[Instructions to follow] Images are not part of the copy; write out the rest of the data exactly as given.

(Data block)

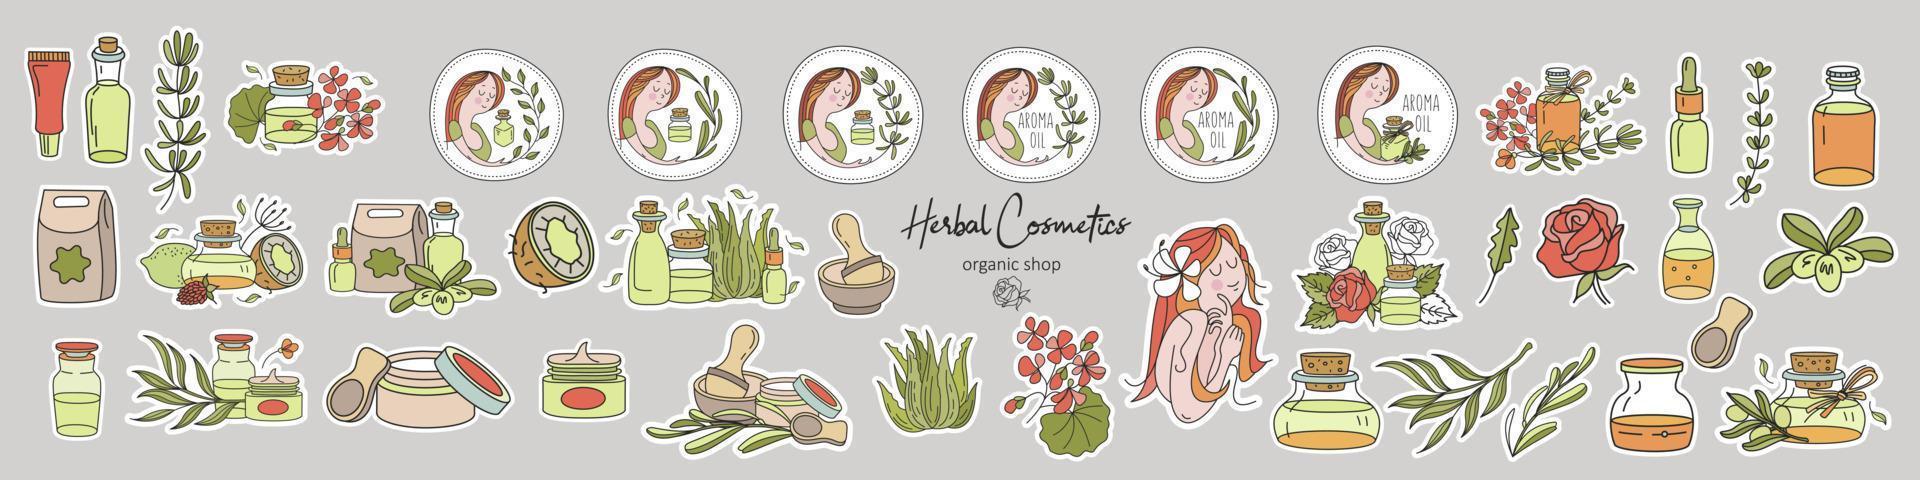 A set of stickers natural cosmetics, natural pharmacy products. vector
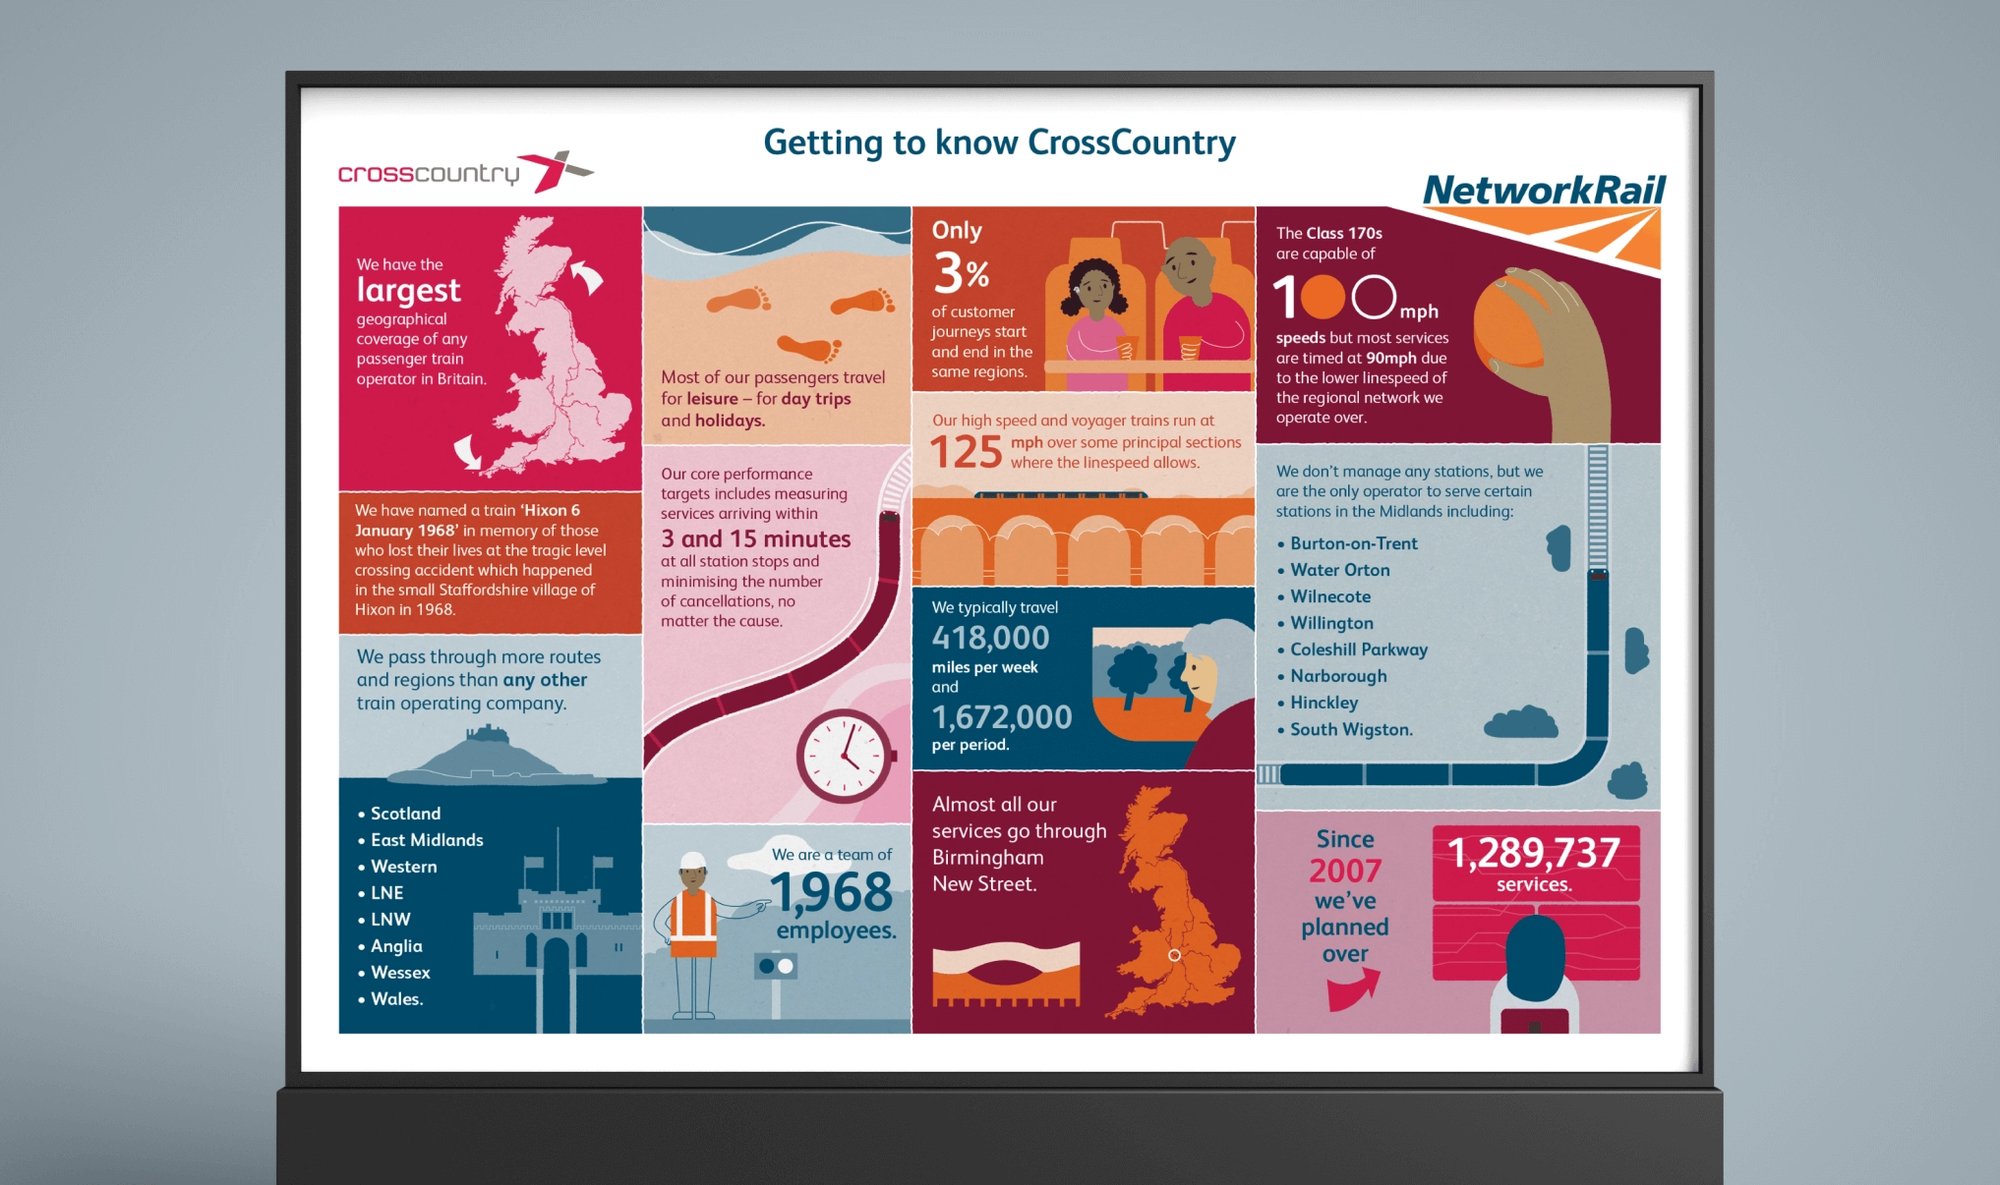 The 'getting to know crosscountry' infographic we designed.
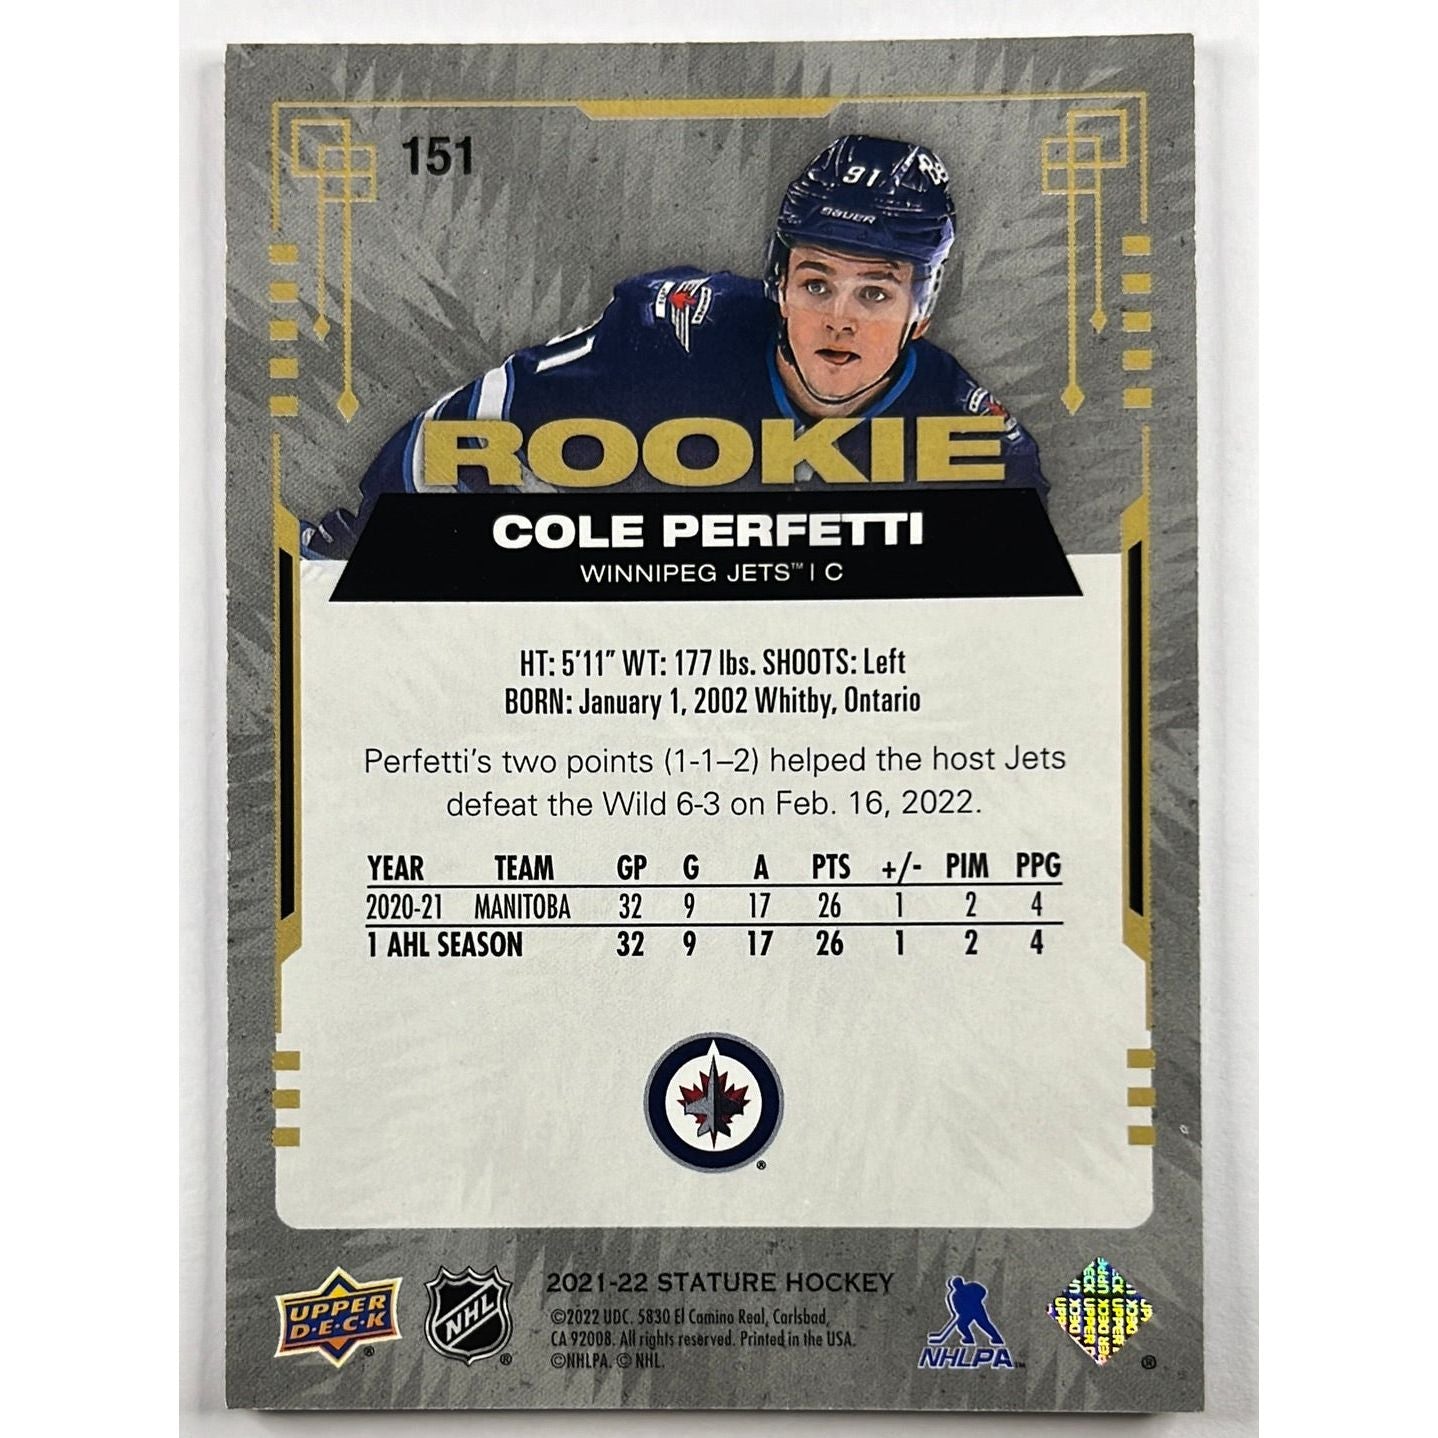 2021-22 Stature Cole Perfetti Red Rookie /75

(End Data block)

[Task result]
 A set of stickers natural cosmetics, natural pharmacy products. vector
 The 'getting to know crosscountry' infographic we designed.
 2021-22 Stature Cole Perfetti Red Rookie /75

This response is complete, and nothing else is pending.